Given data:
⟨
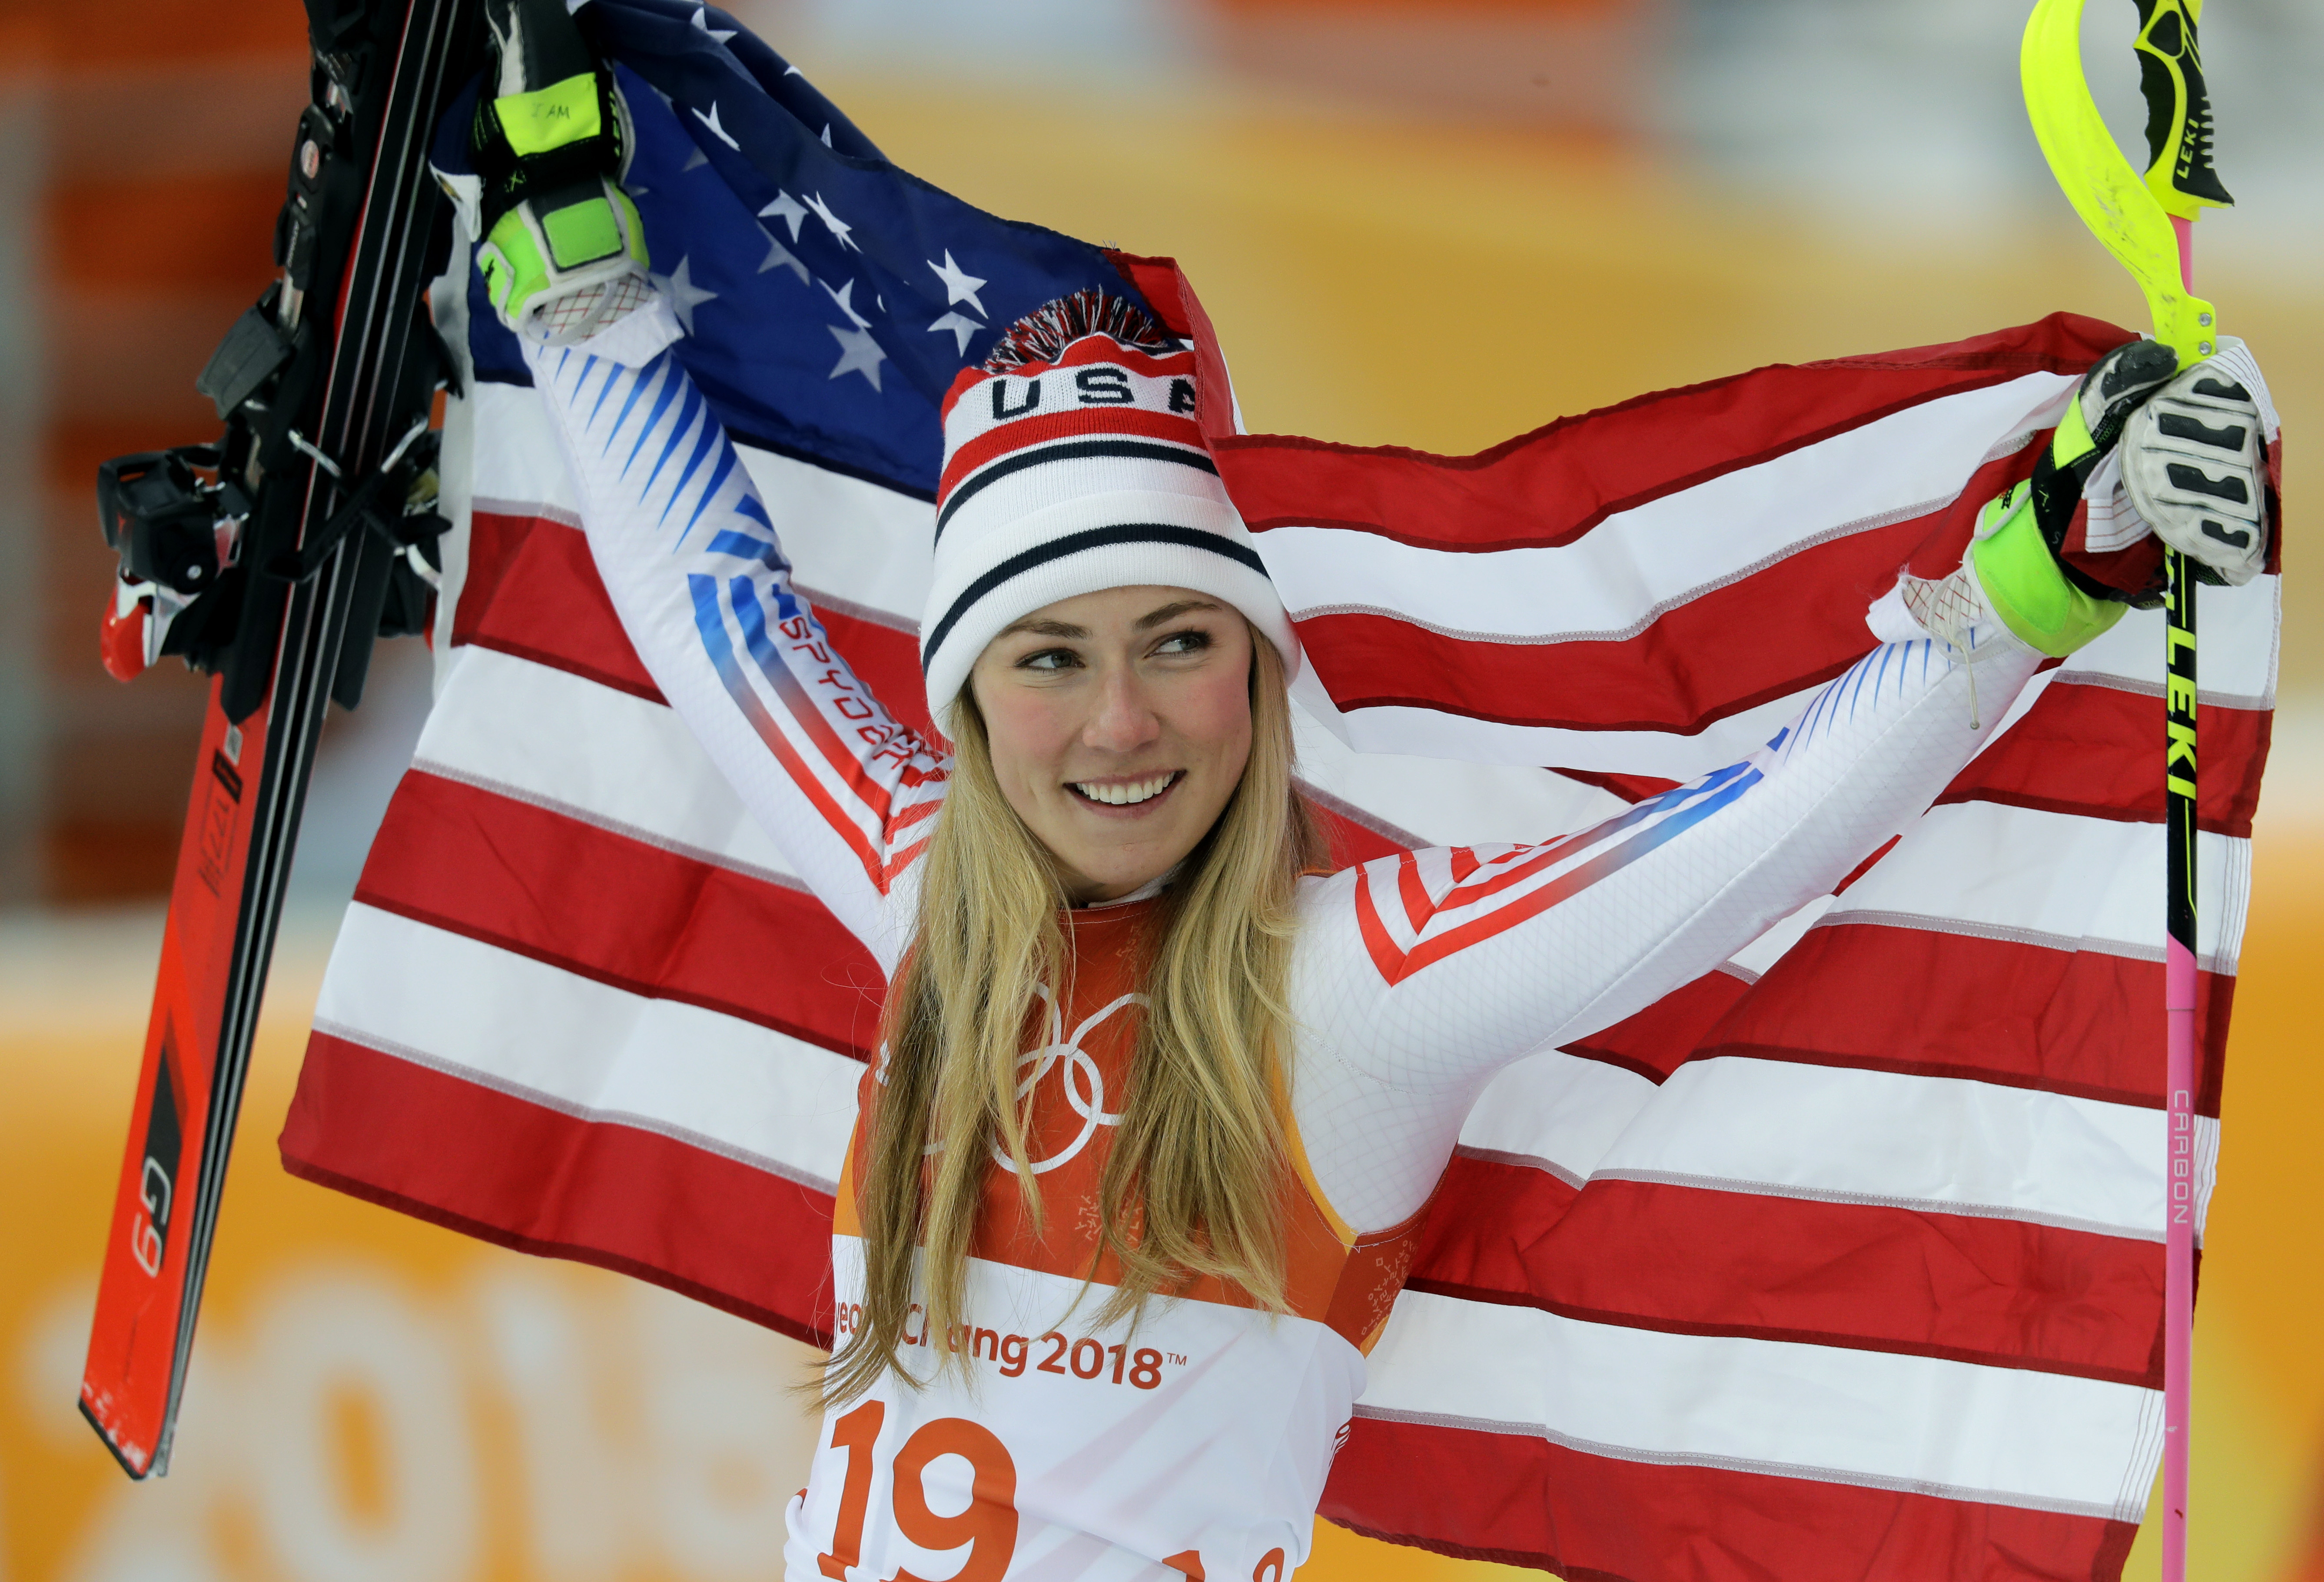 Womens skiing giant slalom final Live stream, start time, TV, how to watch Mikaela Shiffin at 2022 Winter Olympics
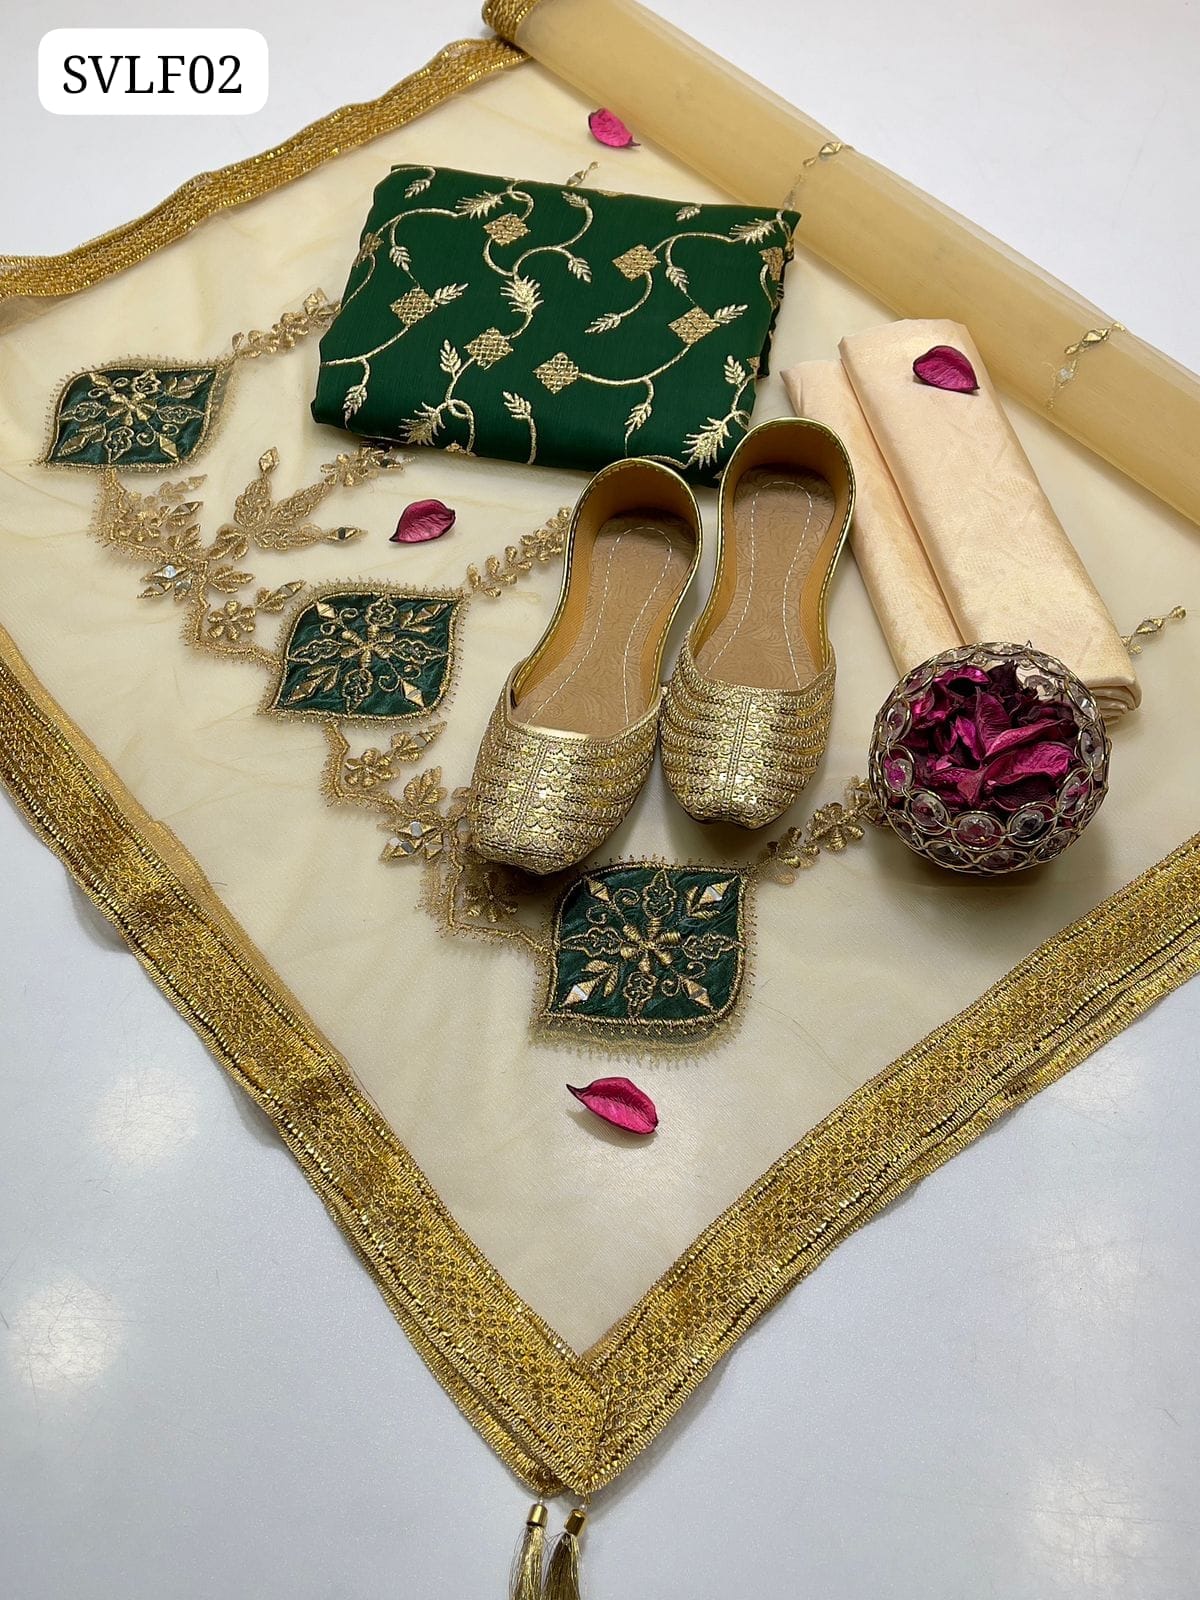 Chiffon Fabric All Over (front, back & sleeves) Sequence Tilla And Sitara Jaal Embroidery Shirt With Indian Net Handmade Mirror And Appliqué Work Dupatta With 4 Side Border Lass & Tussles And Self Embossed Masuri Trouser 3Pc Dress With Khussa As a Gift
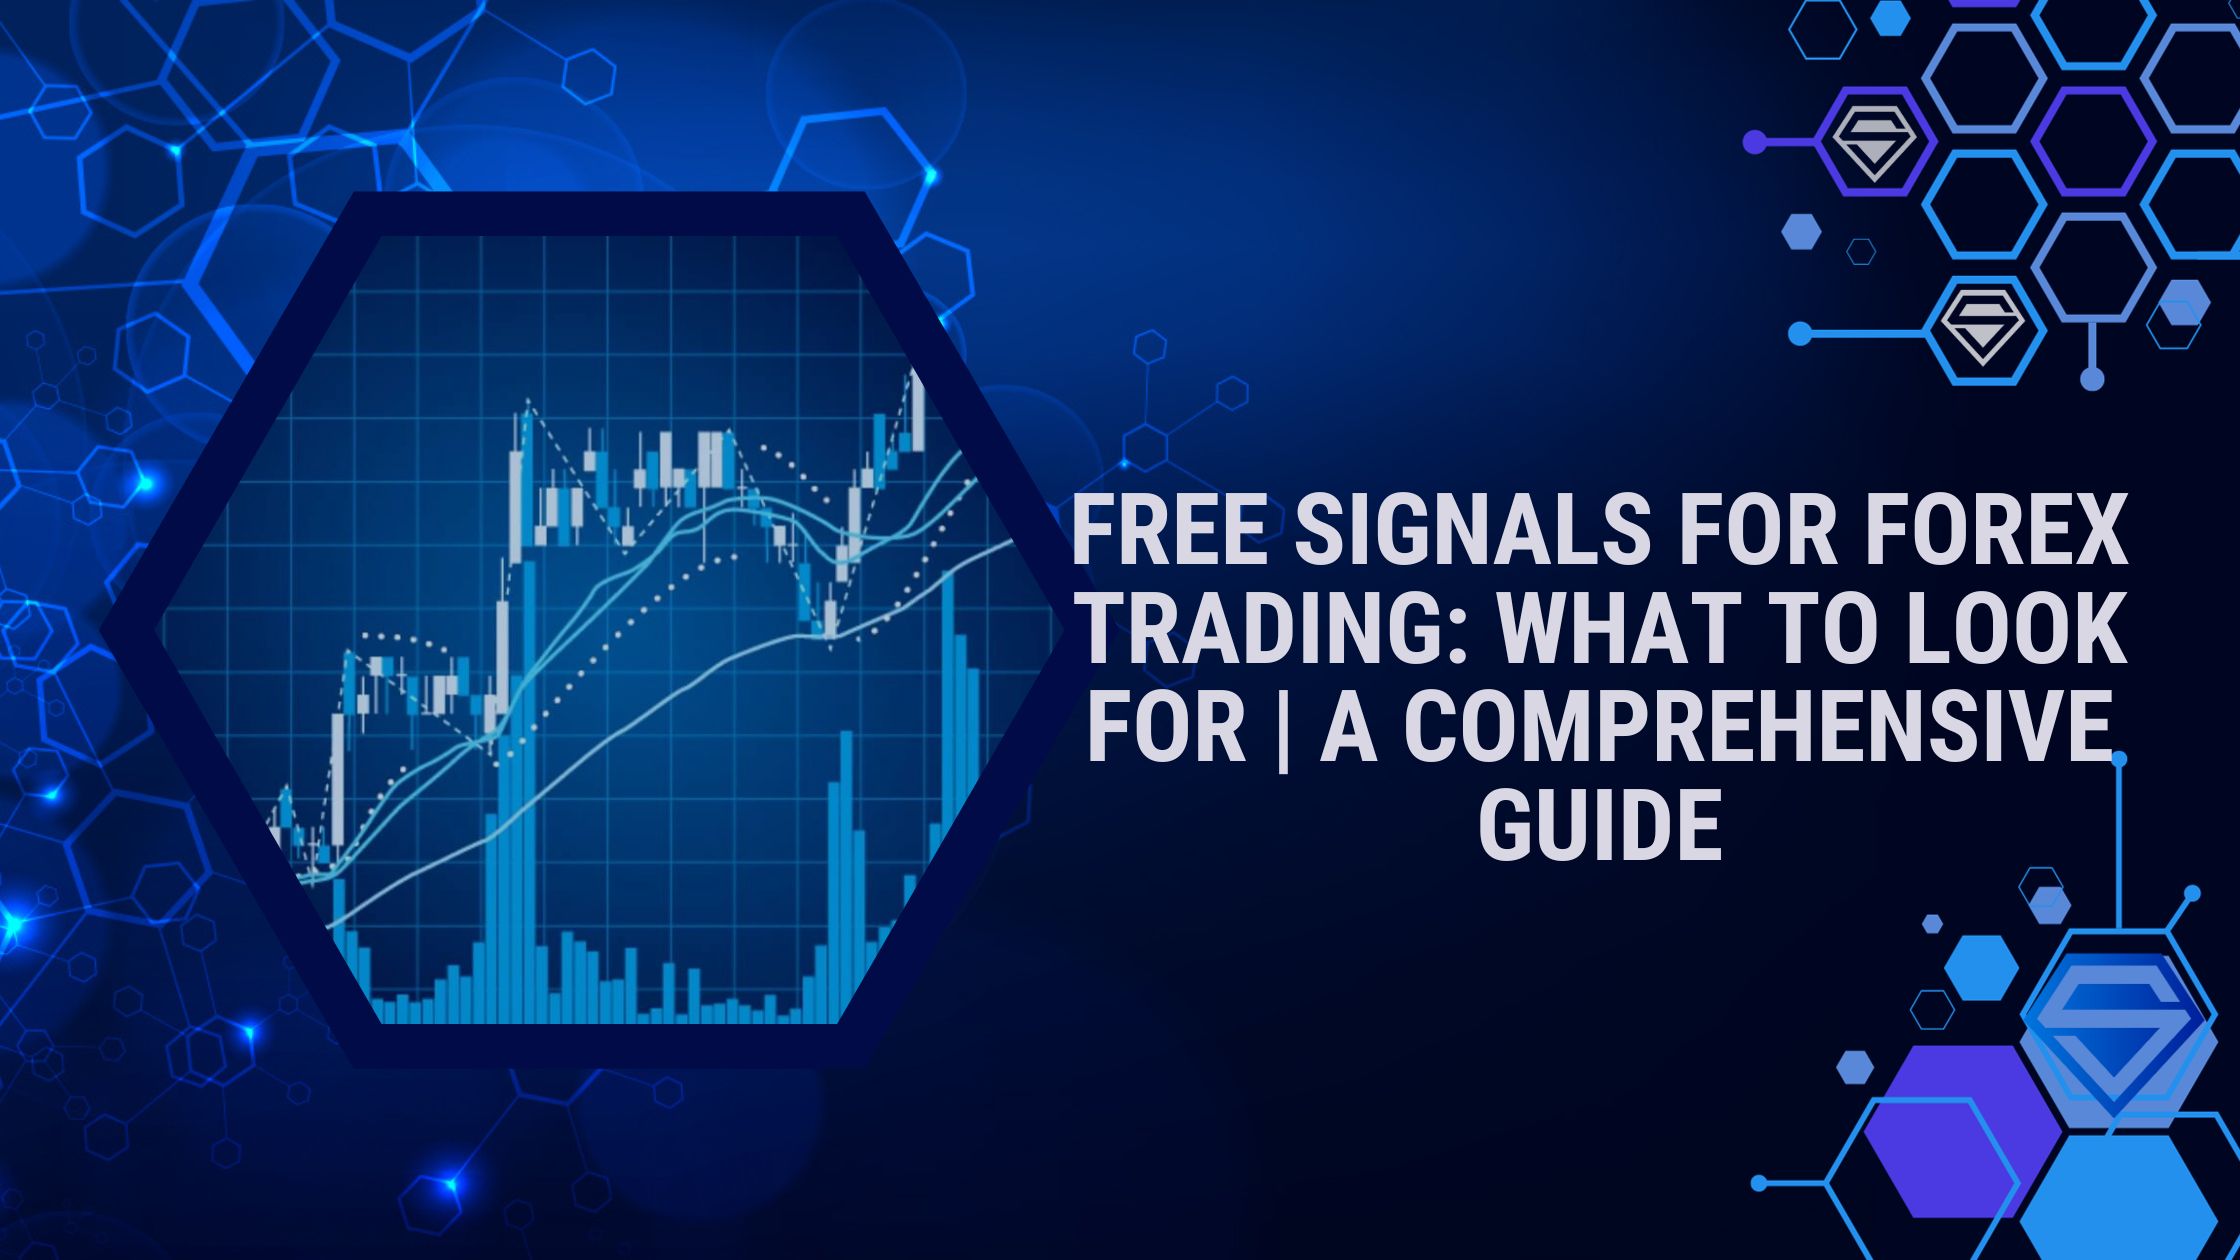 Free Signals for Forex Trading
⟩
What the task requires: Set down, in exact form, only the lines that start at the one containing "Chiffon Fabric All" and finish at the last line of the material; pictures do not go in.

Response area:
 Chiffon Fabric All Over (front, back & sleeves) Sequence Tilla And Sitara Jaal Embroidery Shirt With Indian Net Handmade Mirror And Appliqué Work Dupatta With 4 Side Border Lass & Tussles And Self Embossed Masuri Trouser 3Pc Dress With Khussa As a Gift
 Free Signals for Forex Trading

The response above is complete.